▶ TASK DETAILS
Transcribe the listing verbatim, please, with images dropped.

BEGIN SUPPLIED MATERIAL

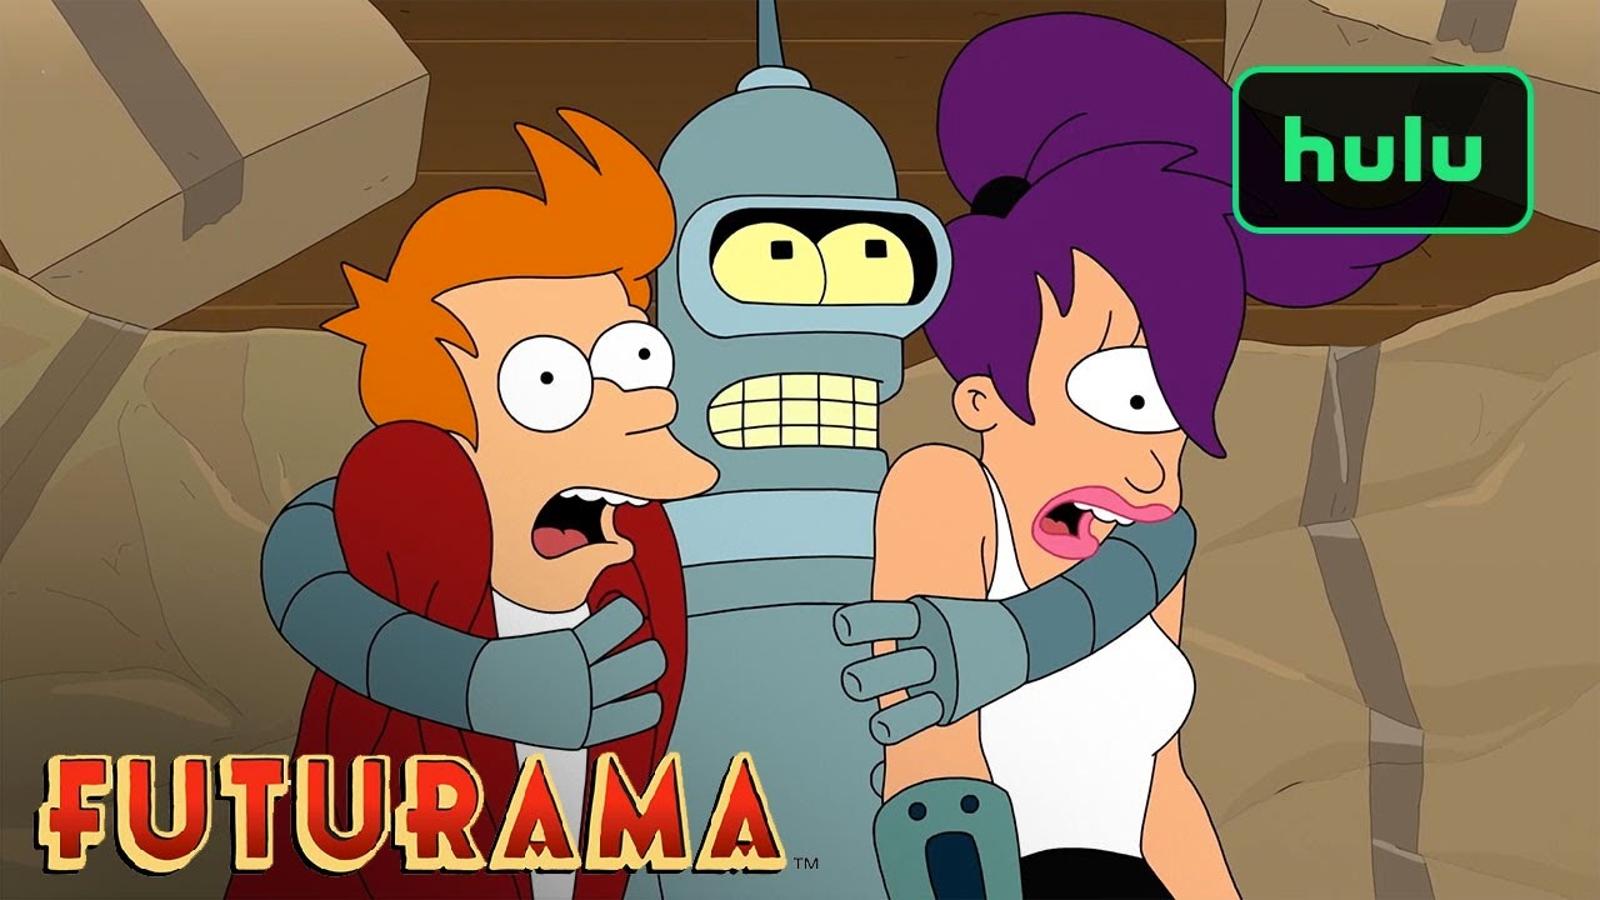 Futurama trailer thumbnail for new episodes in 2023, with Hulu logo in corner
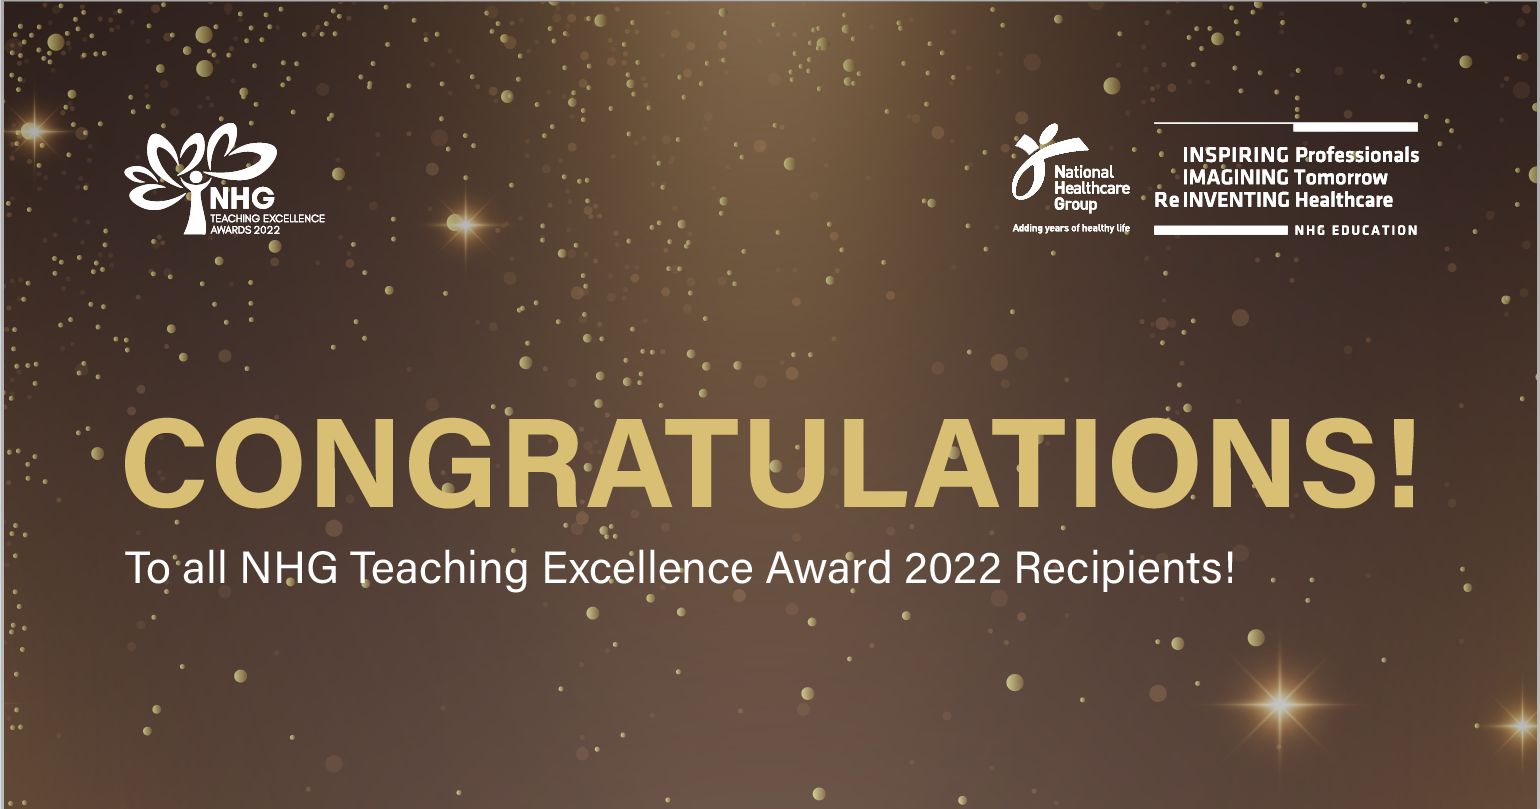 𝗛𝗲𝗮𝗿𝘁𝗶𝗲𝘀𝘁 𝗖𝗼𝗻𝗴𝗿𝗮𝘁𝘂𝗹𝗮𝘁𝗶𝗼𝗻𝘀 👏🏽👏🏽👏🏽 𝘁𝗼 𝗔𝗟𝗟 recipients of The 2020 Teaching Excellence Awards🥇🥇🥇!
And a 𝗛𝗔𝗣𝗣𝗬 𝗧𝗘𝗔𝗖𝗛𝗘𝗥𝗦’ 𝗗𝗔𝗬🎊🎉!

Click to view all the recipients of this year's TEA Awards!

END SUPPLIED MATERIAL

▶ SOLUTION
 Futurama trailer thumbnail for new episodes in 2023, with Hulu logo in corner
 𝗛𝗲𝗮𝗿𝘁𝗶𝗲𝘀𝘁 𝗖𝗼𝗻𝗴𝗿𝗮𝘁𝘂𝗹𝗮𝘁𝗶𝗼𝗻𝘀 👏🏽👏🏽👏🏽 𝘁𝗼 𝗔𝗟𝗟 recipients of The 2020 Teaching Excellence Awards🥇🥇🥇!
And a 𝗛𝗔𝗣𝗣𝗬 𝗧𝗘𝗔𝗖𝗛𝗘𝗥𝗦’ 𝗗𝗔𝗬🎊🎉!

Click to view all the recipients of this year's TEA Awards!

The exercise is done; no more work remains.